Note that this matrix has 5 columns, even though there are only 4 categories (CHI, OCH, FEM and MAL).
This is because :func:`~ChildProject.metrics.segments_to_grid` appends the matrix with a 'none' column,
which is set to 1 when all classes are inactive.
It can be turned off by setting `none = False`. It is also possible to append an 'overlap' column
by setting `overlap=True`; this column is set to 1 when at least 2 classes are active.

We can now compute the confusion matrix:

.. code-block:: python

    >>> confusion_counts = conf_matrix(vtc, its)
    >>> confusion_counts
    array([[ 20503,   7285,   4296,   1191,  21062],
    [  1435,   3354,    704,    136,   4105],
    [  2700,   1414,  18442,   4649,  19080],
    [   323,    229,   4600,  17654,  12415],
    [  3053,   2158,   3674,   2464, 365000]])

This means that 20503 of the 100 ms chunks were labelled as containing CHI speech
by both the VTC and the LENA; 7285 chunks have been labelled as containing CHI speech by the VTC
while being labelled as OCH by the LENA.

It is sometimes more useful to normalize confusion matrices:

    >>> import numpy as np
    >>> normalized = confusion_counts/(np.sum(vtc, axis = 0)[:,None])
    >>> rel
    array([[0.37733036, 0.13407071, 0.07906215, 0.02191877, 0.38761801],
    [0.14742141, 0.34456544, 0.07232381, 0.01397165, 0.42171769],
    [0.05833423, 0.03054985, 0.39844442, 0.10044291, 0.41222858],
    [0.00917067, 0.0065018 , 0.1306039 , 0.50123506, 0.35248857],
    [0.00811215, 0.00573404, 0.00976222, 0.00654711, 0.96984448]])

The top-left cell now reads as: 37,8% of the 100 ms chunks labelled as CHI by the VTC
are also labelled as CHI by the LENA.


Using pyannote.metrics
----------------------

Confusion matrices are still dimensional data
(with :math:`n \times n` components for :math:`n` labels),
which renders performance comparisons of several annotators
difficult: it is hard to tell which one of two classifiers
is the closest to the ground truth using confusion matrices.

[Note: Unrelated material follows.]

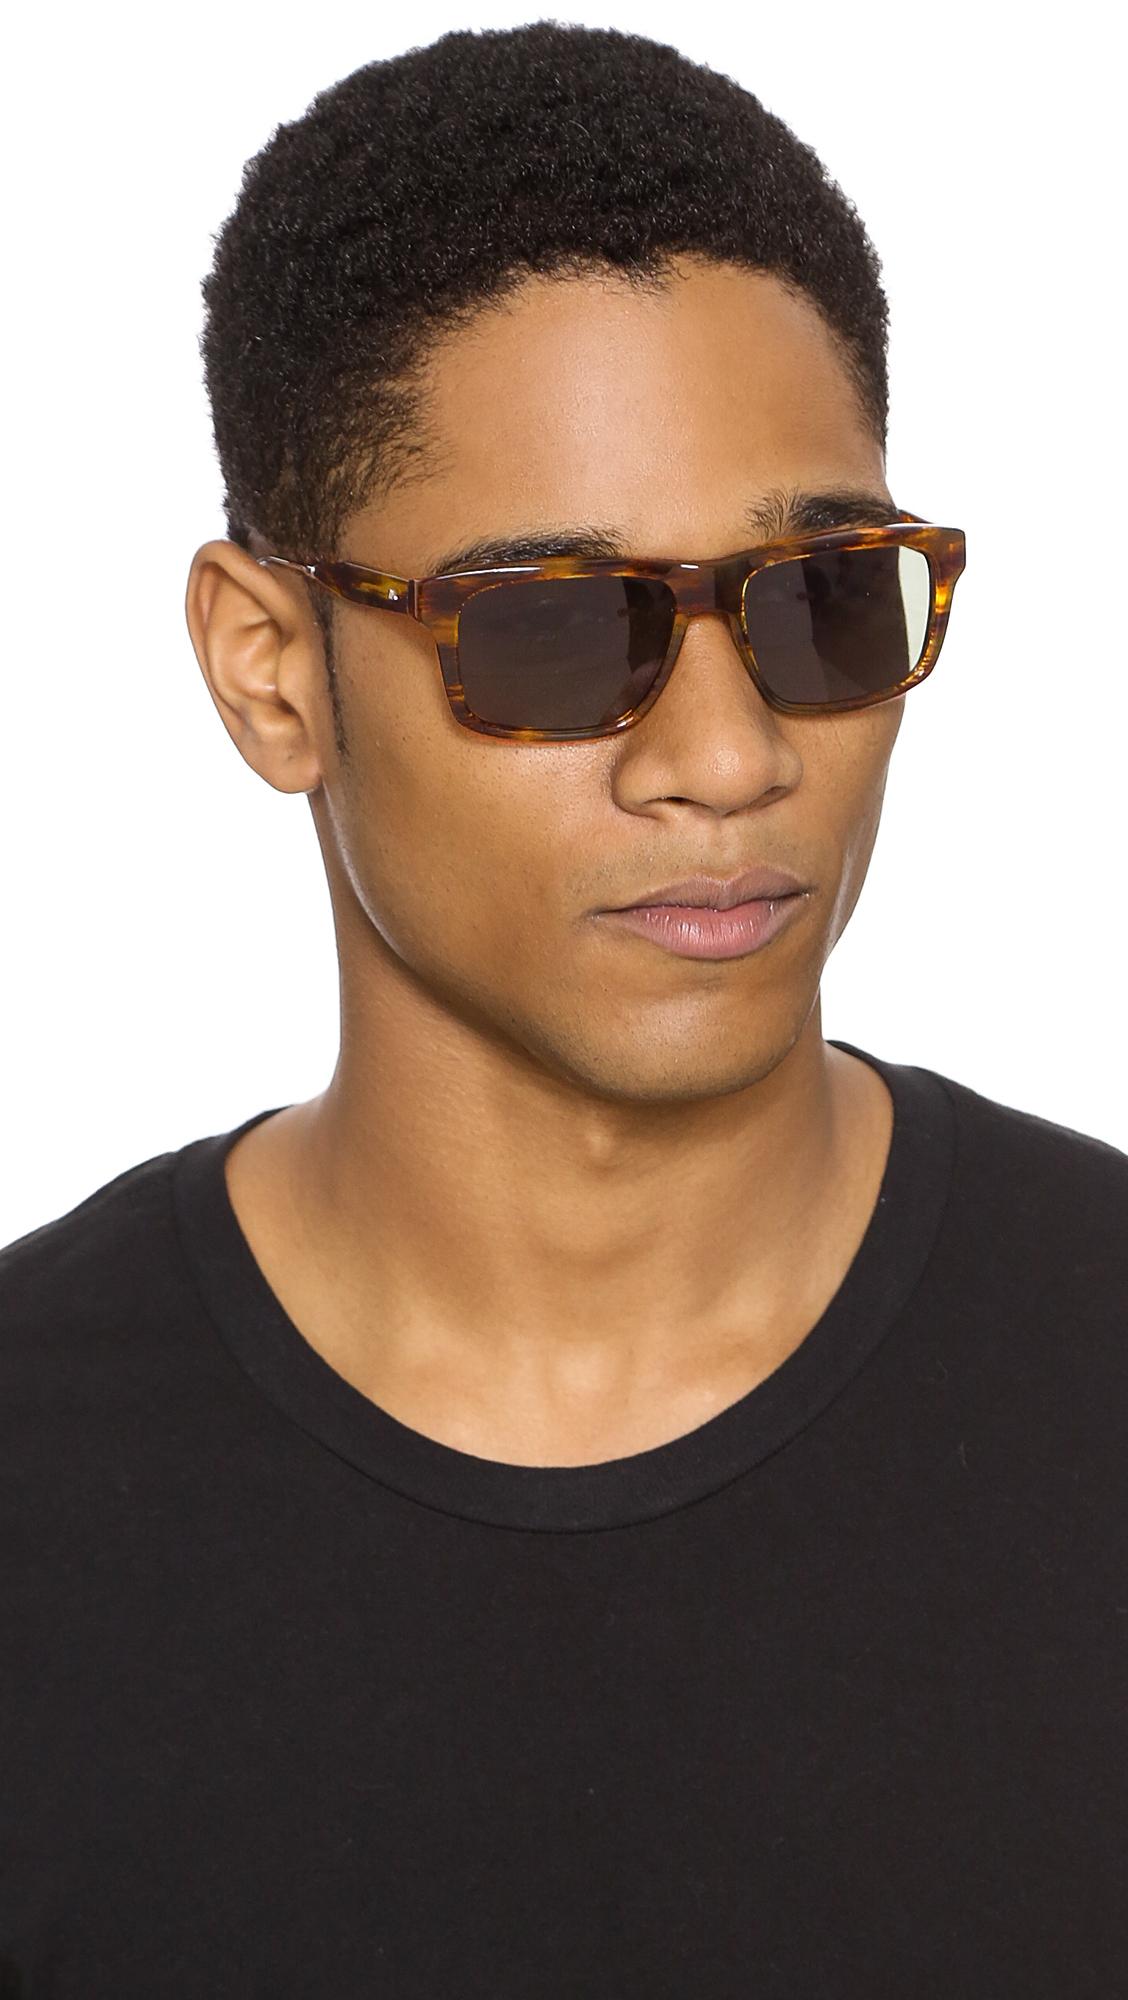 fc869f6106 Oliver peoples Gaviota Polarized Sunglasses in Brown for Men (Light  Tortoise Sage)

As a result, in Machine Learning, many scalar measures are used
in order to assess the overall performance of a classifier.
These include recall, precision, accuracy, etc.

The `pyannote-metrics package <https://pyannote.github.io/pyannote-metrics/>`_
implements many of the metrics that are typically used in speech processing.
ChildProject interfaces well with pyannote-metrics. Below, we show how 
to use both packages to compute recall and precision.

The first step is to convert the dataframe of segments into one :meth:`pyannote.core.Annotation`
object per annotator:

.. code-block:: python

    >>> from ChildProject.metrics import segments_to_annotation
    >>> ref = segments_to_annotation(segments[segments['set'] == 'vtc'], 'speaker_type')
    >>> hyp = segments_to_annotation(segments[segments['set'] == 'its'], 'speaker_type')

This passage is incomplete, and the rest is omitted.